PROBLEM —
Retype the material that follows exactly, limited to the lines from the one with "Lapse Film Logo" through the one with "Caprichos de Goya: Tú", and keep out all pictures.

INFORMATION SHOWN —
+++

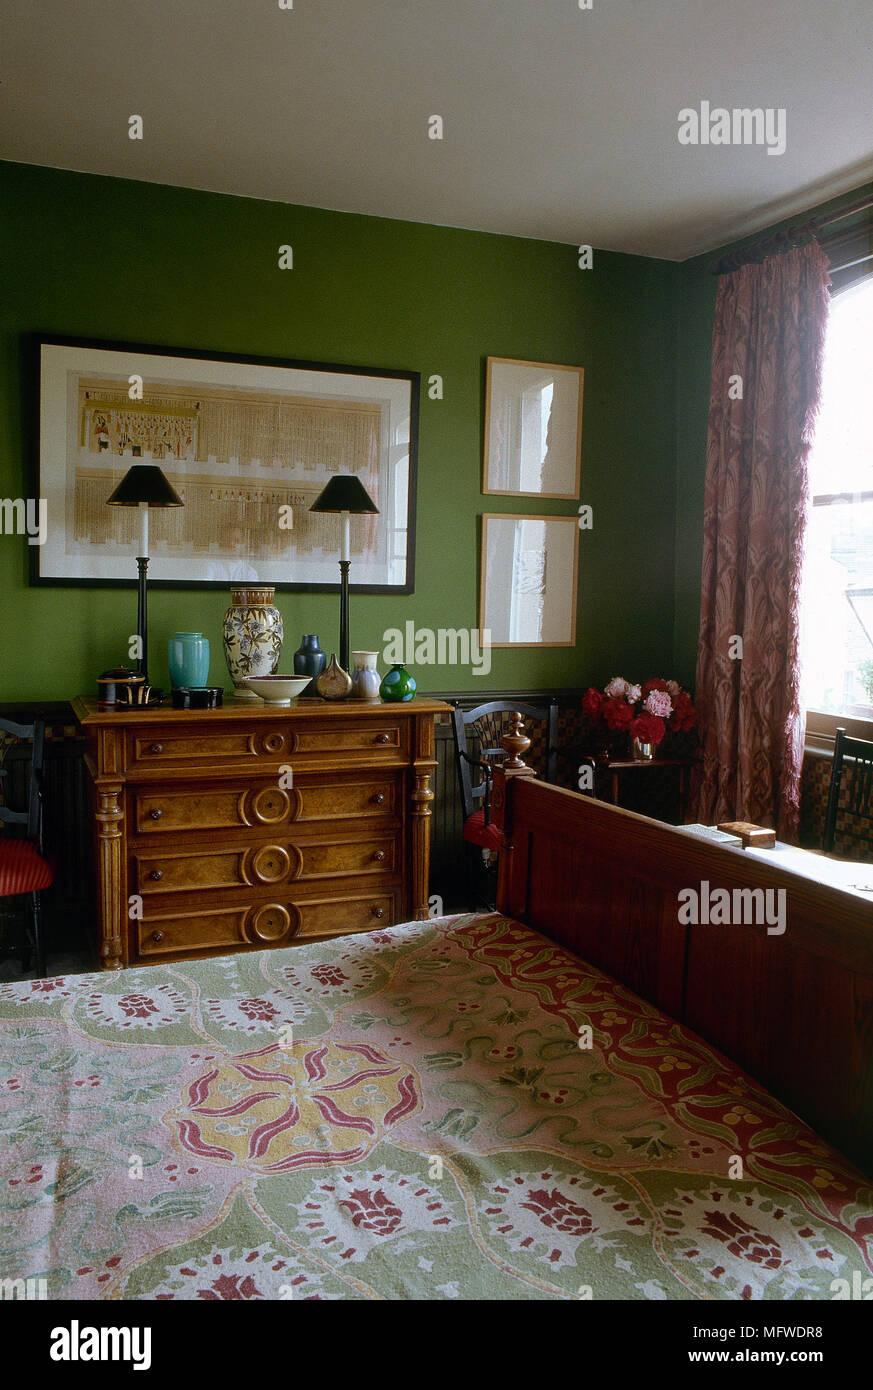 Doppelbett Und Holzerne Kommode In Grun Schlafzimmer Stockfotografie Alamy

+++

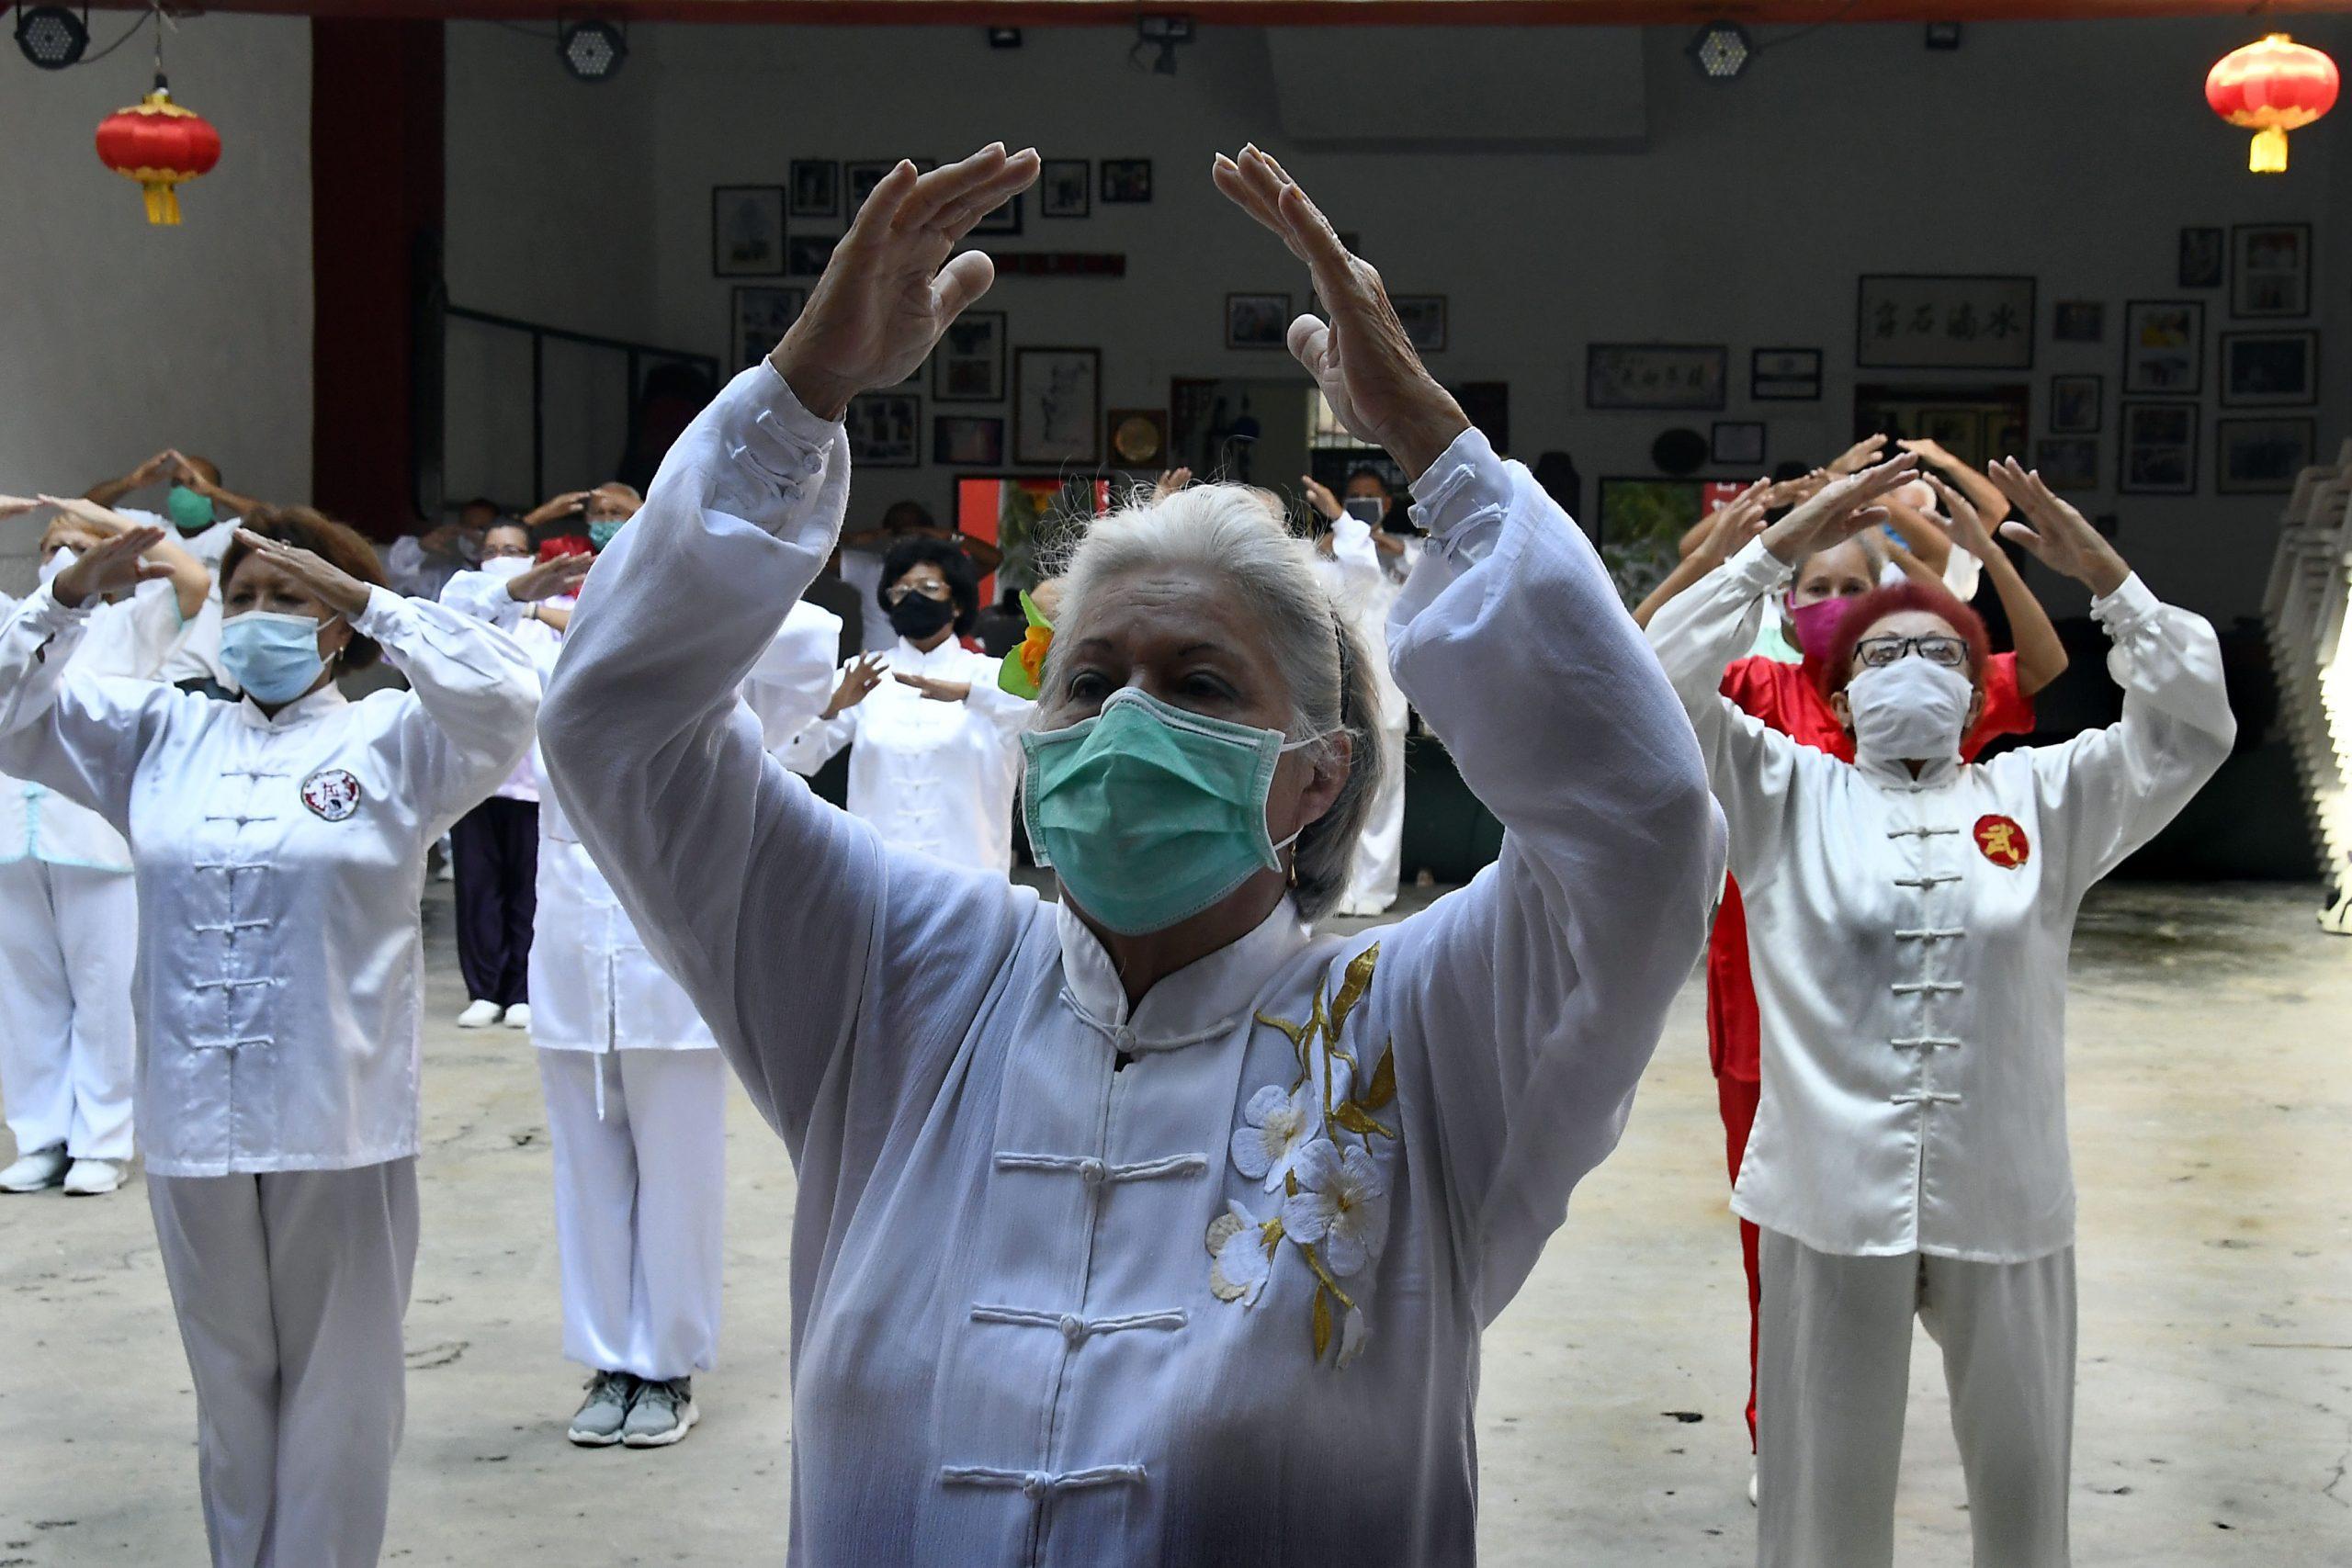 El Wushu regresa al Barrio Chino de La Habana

+++

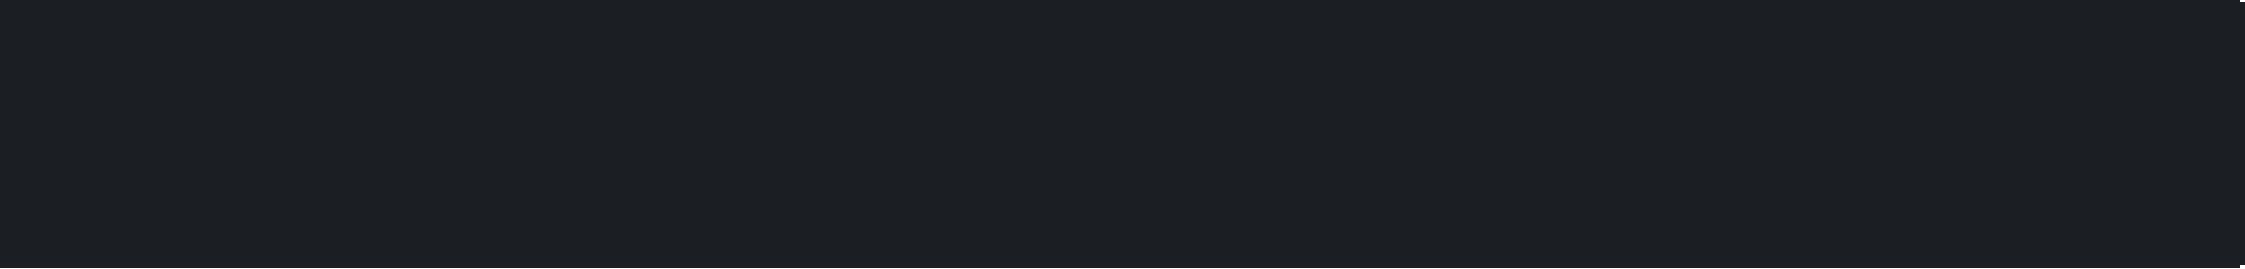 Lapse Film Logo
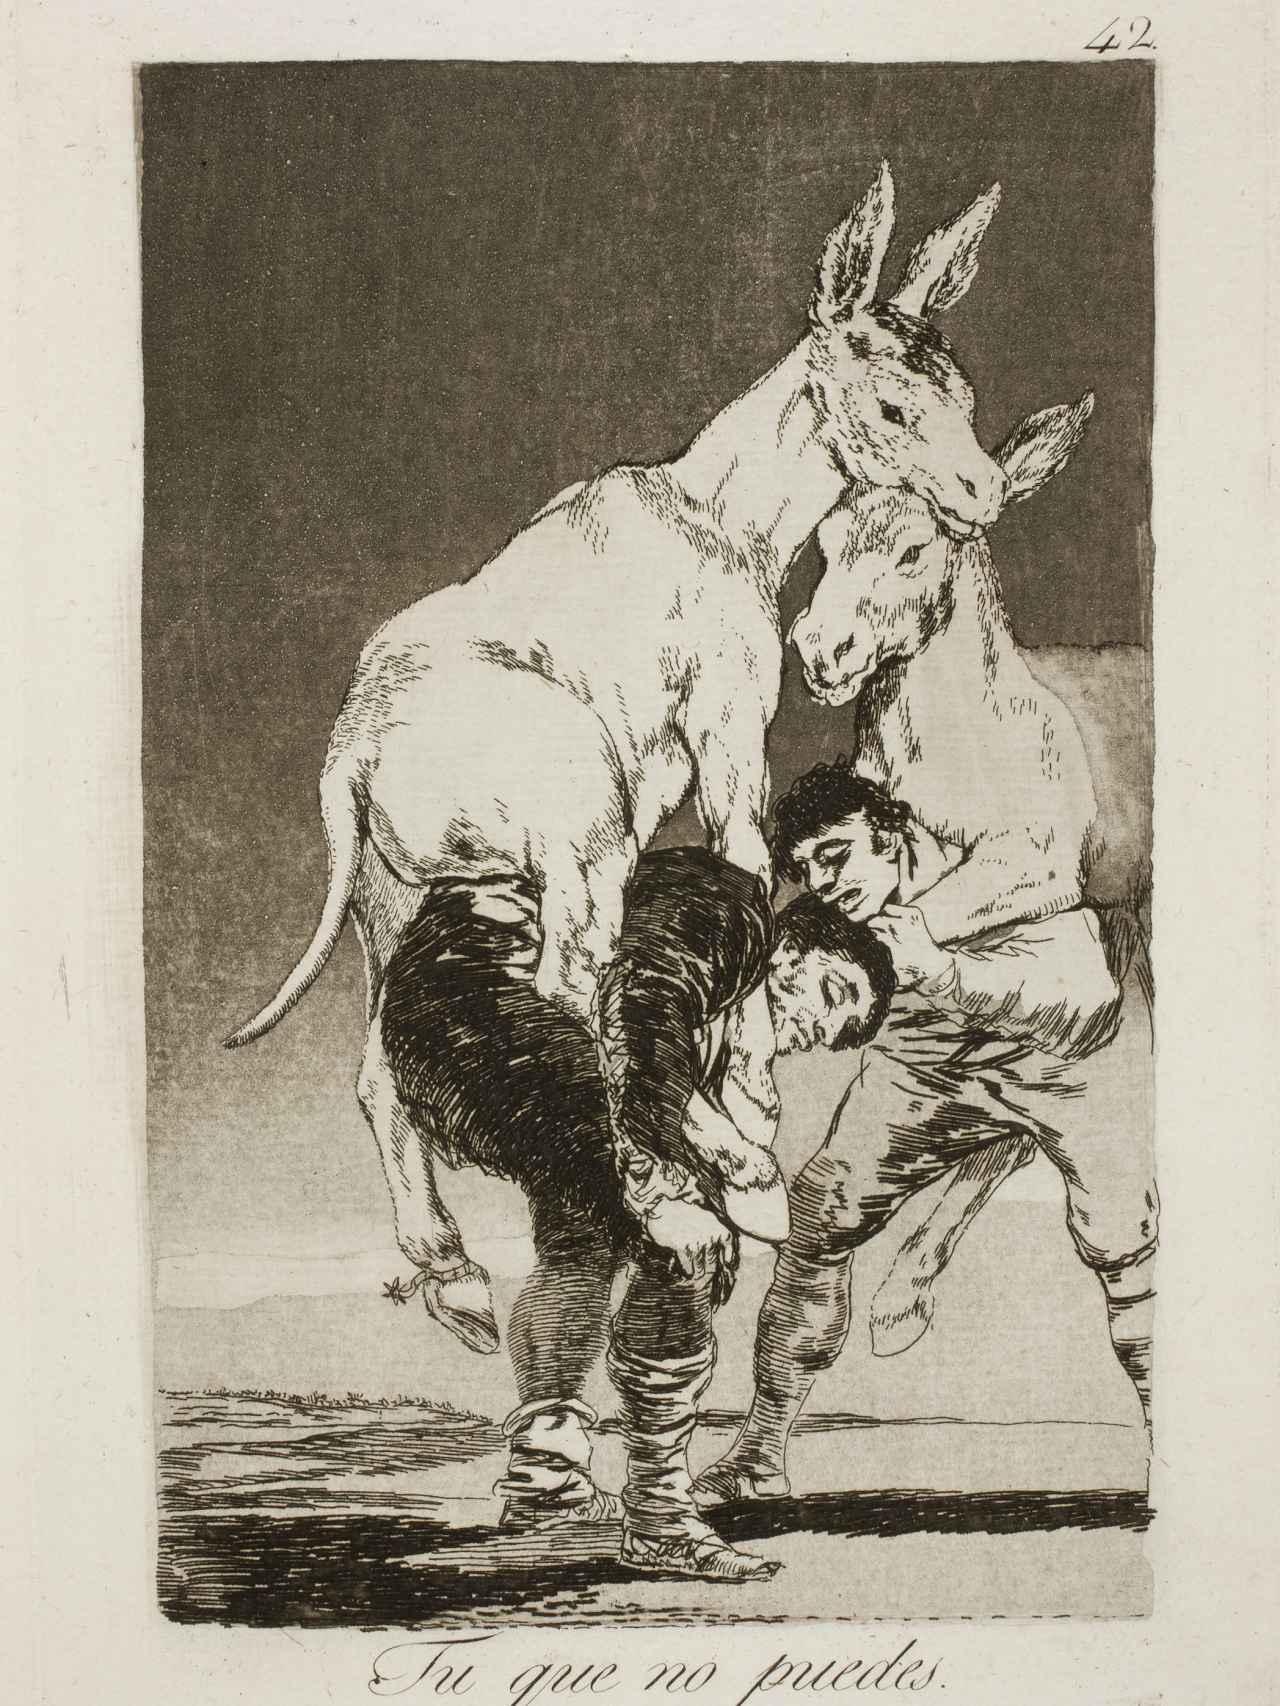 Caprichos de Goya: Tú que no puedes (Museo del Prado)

+++

REPLY TO THE TASK —
 Lapse Film Logo
 Caprichos de Goya: Tú que no puedes (Museo del Prado)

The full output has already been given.